= Pericle Papahagi =

Aromanian literary historian and folklorist

Pericle Papahagi (1872 - January 20, 1943) was an Aromanian literary historian and folklorist.

He was born into an Aromanian family in Avdella (Avdhela), a village that formed part of the Ottoman Empire's Manastir Vilayet and is now in Greece. After attending school in his native village and in Bucharest in Romania, he graduated from the literature faculty of the University of Bucharest. He then went to Leipzig University, where he studied under Gustav Weigand and earned a doctorate in philosophy.
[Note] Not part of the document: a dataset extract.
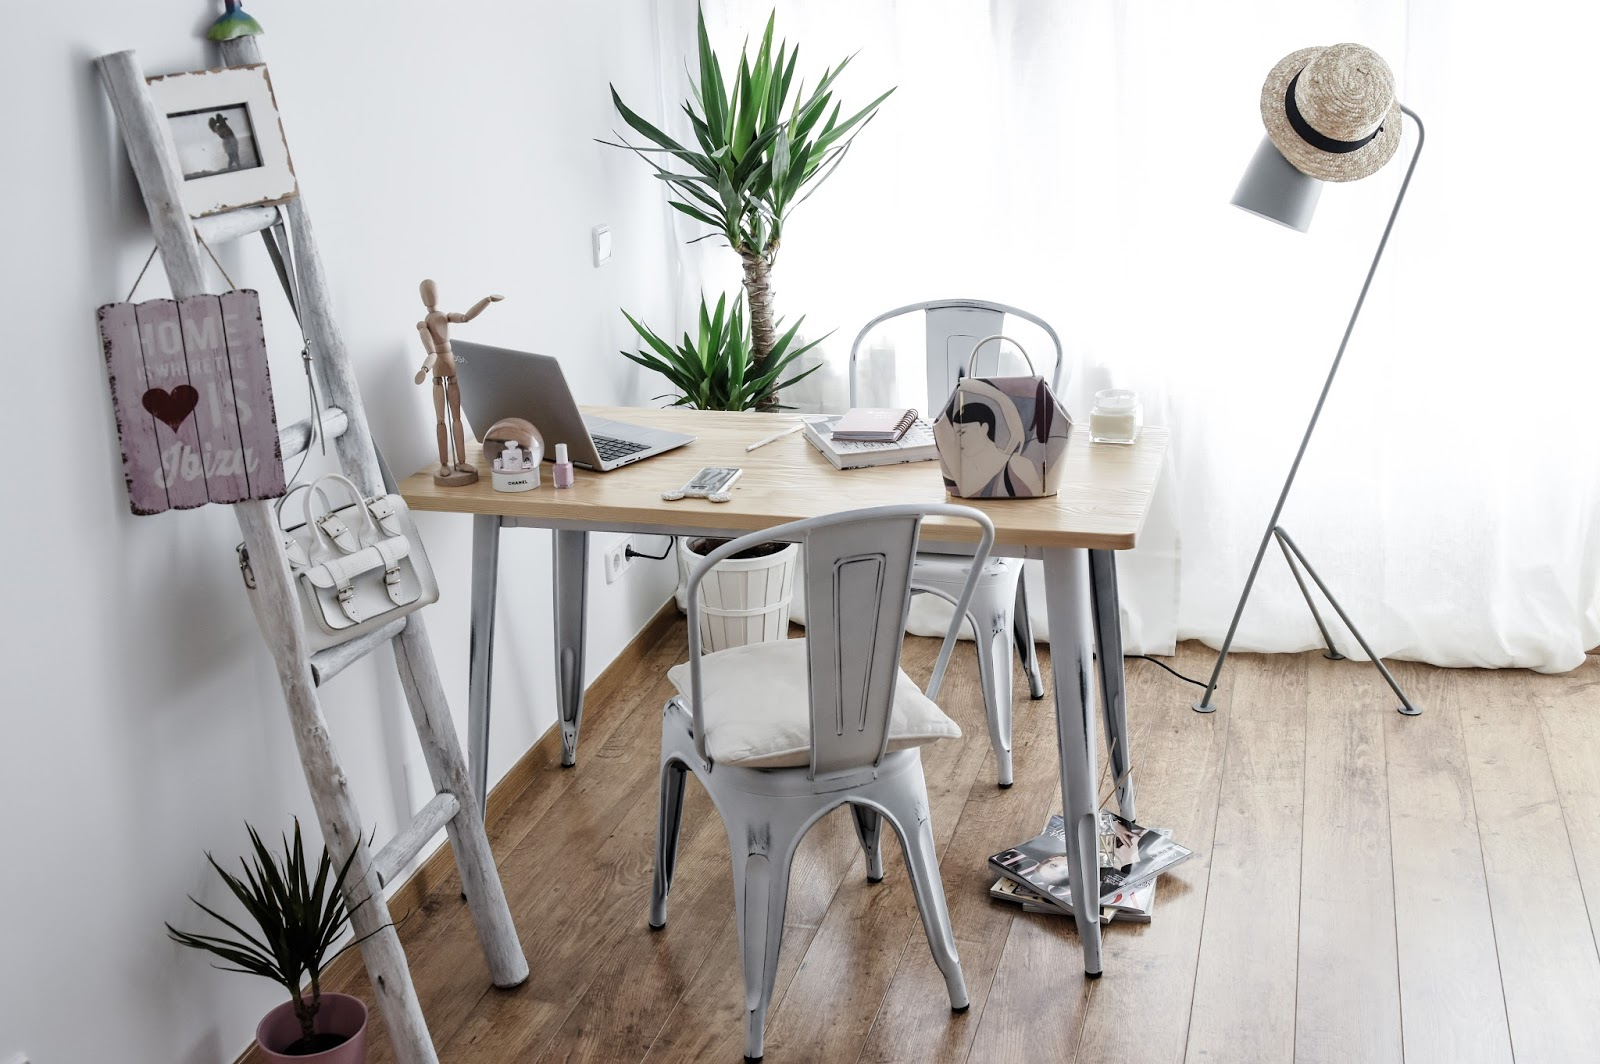 Deco Studio Sklum Industrial Style El Blog De Silvia Rodriguez  # Muebles Lifestyle
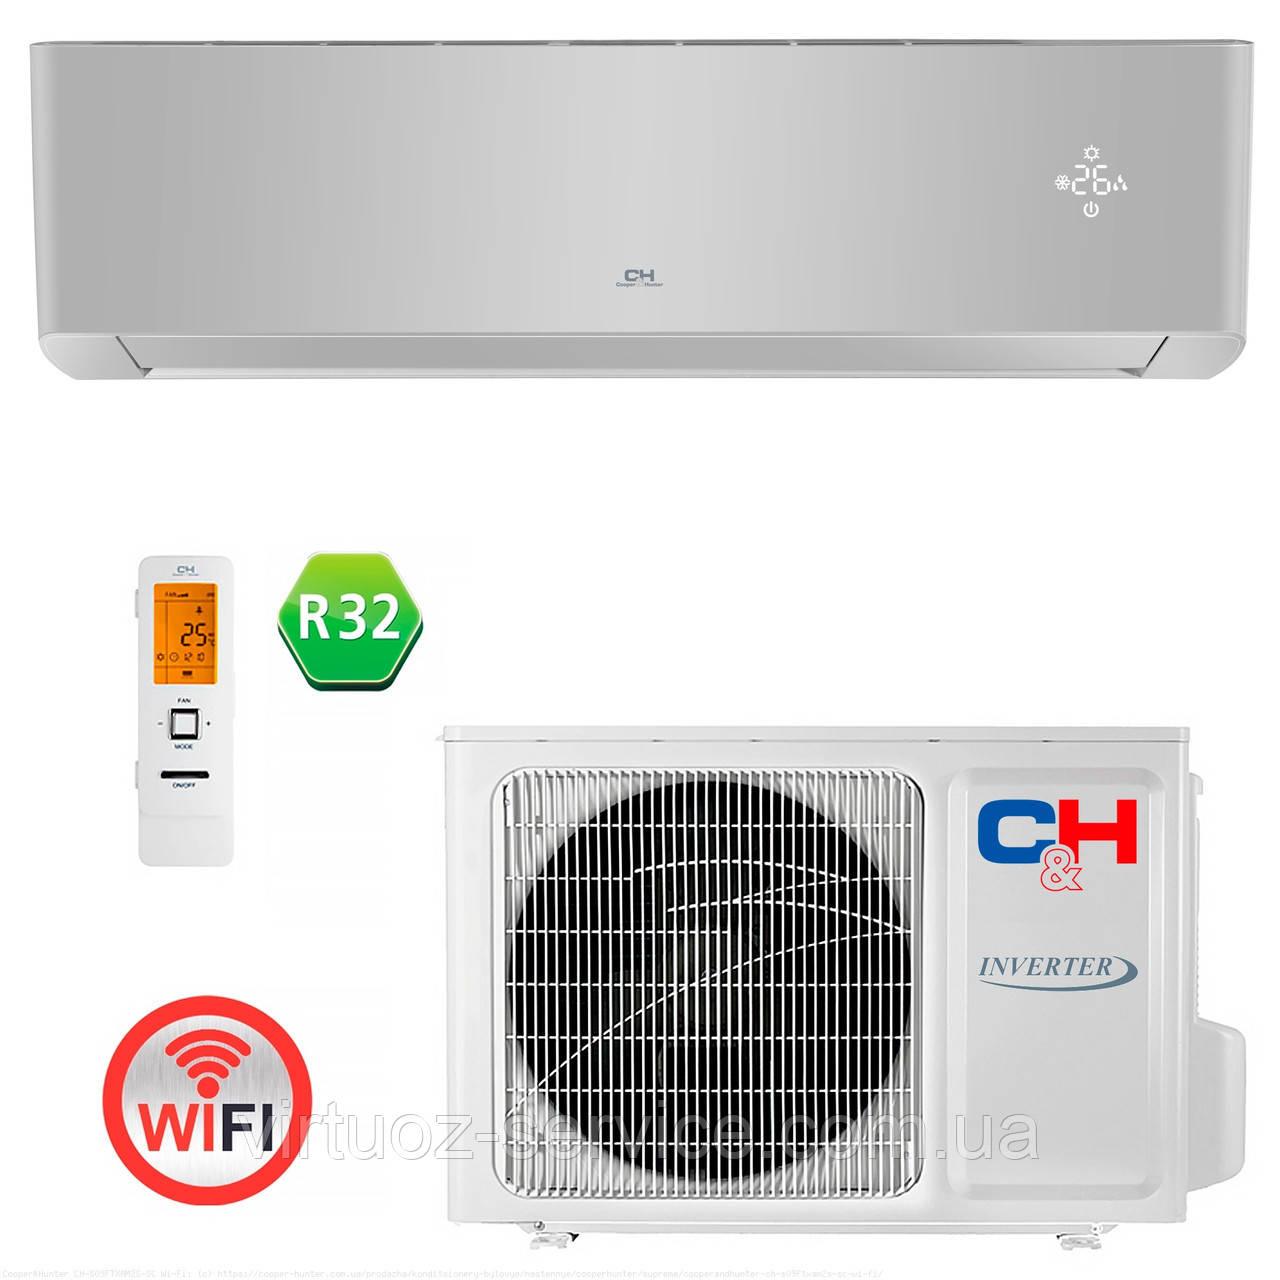 Инверторный кондиционер Cooper&Hunter CH-S12FTXAM2S-WP Wi-Fi

Papahagi taught high school in Ottoman Thessaloniki and Bitola, in Bulgarian Silistra, and in Giurgiu, Romania. His first published work, which appeared in Analele Academiei Române in 1893, was a collection of children's folklore, Jocuri copilărești. Culese de la românii din Macedonia. His contributions also appeared in Analele Dobrogei, Arhiva, Convorbiri Literare, Frățil’ia, Grai bun, Grai și suflet, Jahresbericht des Instituts für rumänische Sprache zu Leipzig, Peninsula Balcanică, Revue historique de sud-est européen, Viața nouă, and Viața Românească. He headed Dunărea magazine, which appeared in two volumes in 1923. In 1916, he was elected a corresponding member of the Romanian Academy. In the 1919 1919 Romanian general election, he was elected to the Senate of Romania, representing the Durostor County.

An acknowledged authority on the life and languages of the Romance-speaking peoples from south of the Danube, the Aromanians and Megleno-Romanians, he wrote several foundational texts on the subject that are classic models of sociological and folkloristic monographs. These include: Din literatura poporană a aromânilor, 1900; Românii din Meglenia. Texte și glosar, 1900; Meglenoromânii. Studiu etnografic, vol. I-II, 1902; Basme aromâne și glosar, 1905; Scriitori aromâni în secolul al XVIII-[lea], 1909; and Poezia înstrăinării la aromâni, 1912. Together, by taking a combined approach to linguistics and folklore, they prefigure the methodology of Ovid Densusianu's philological school. He died in Bucharest and was buried in Silistra.